I see that you developed another method, V-Net, and maybe you are aware of alternatives. So I would like to know if you have any advice on which methods to test (which could be trained given a set of "optimal" parameters for MS segmentation on heterogeneous data). Otherwise I'll continue with the methods I mentioned in my post, no problem of course, thanks for sharing your work anyway!

Thanks, Arthur

gtancev commented 4 years ago

Hi, I did the documentation for MD-GRU last year, e.g., see here.
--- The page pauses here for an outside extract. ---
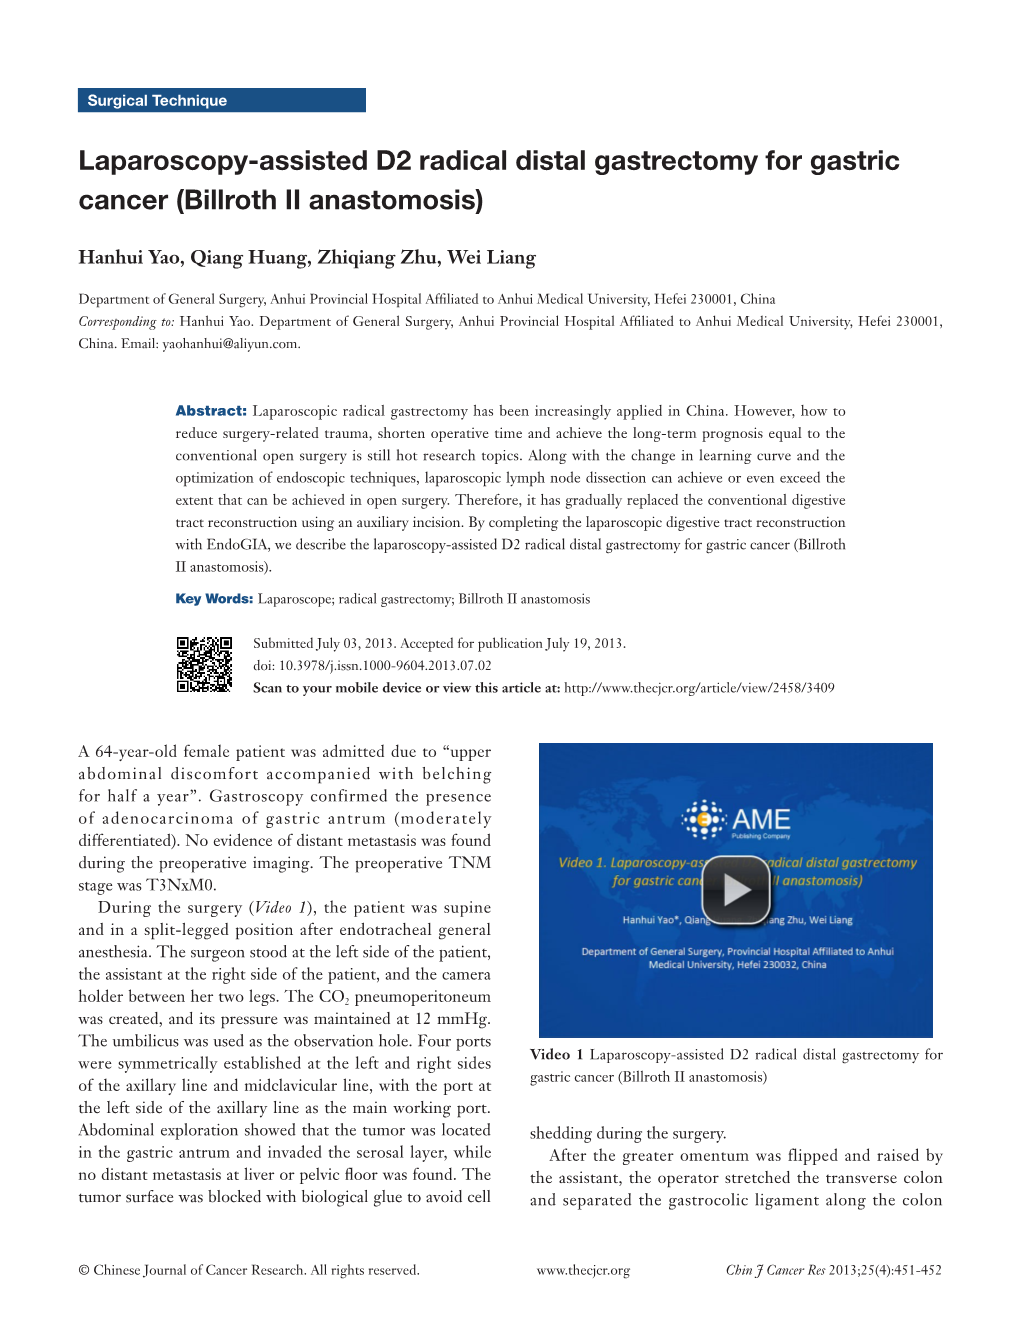 Laparoscopy-Assisted D2 Radical Distal Gastrectomy for Gastric Cancer (Billroth II Anastomosis)

I guess you might have specified deform params wrongly. Hope that works out.

Best, Georgi

arthursw commented 4 years ago

Thank you! Did you compare MDGRU with V-Net?

gtancev commented 4 years ago

I had the intention, but the project was over before I could do that. The V-Net that I forked had no data augmentation and I had to add it first from MD-GRU. But there might be even newer/better algorithms by now (both, V-Net and MD-GRU are from before 2016), considering the progress of deep learning. Maybe @zubata88 knows more, as I am not working in this field.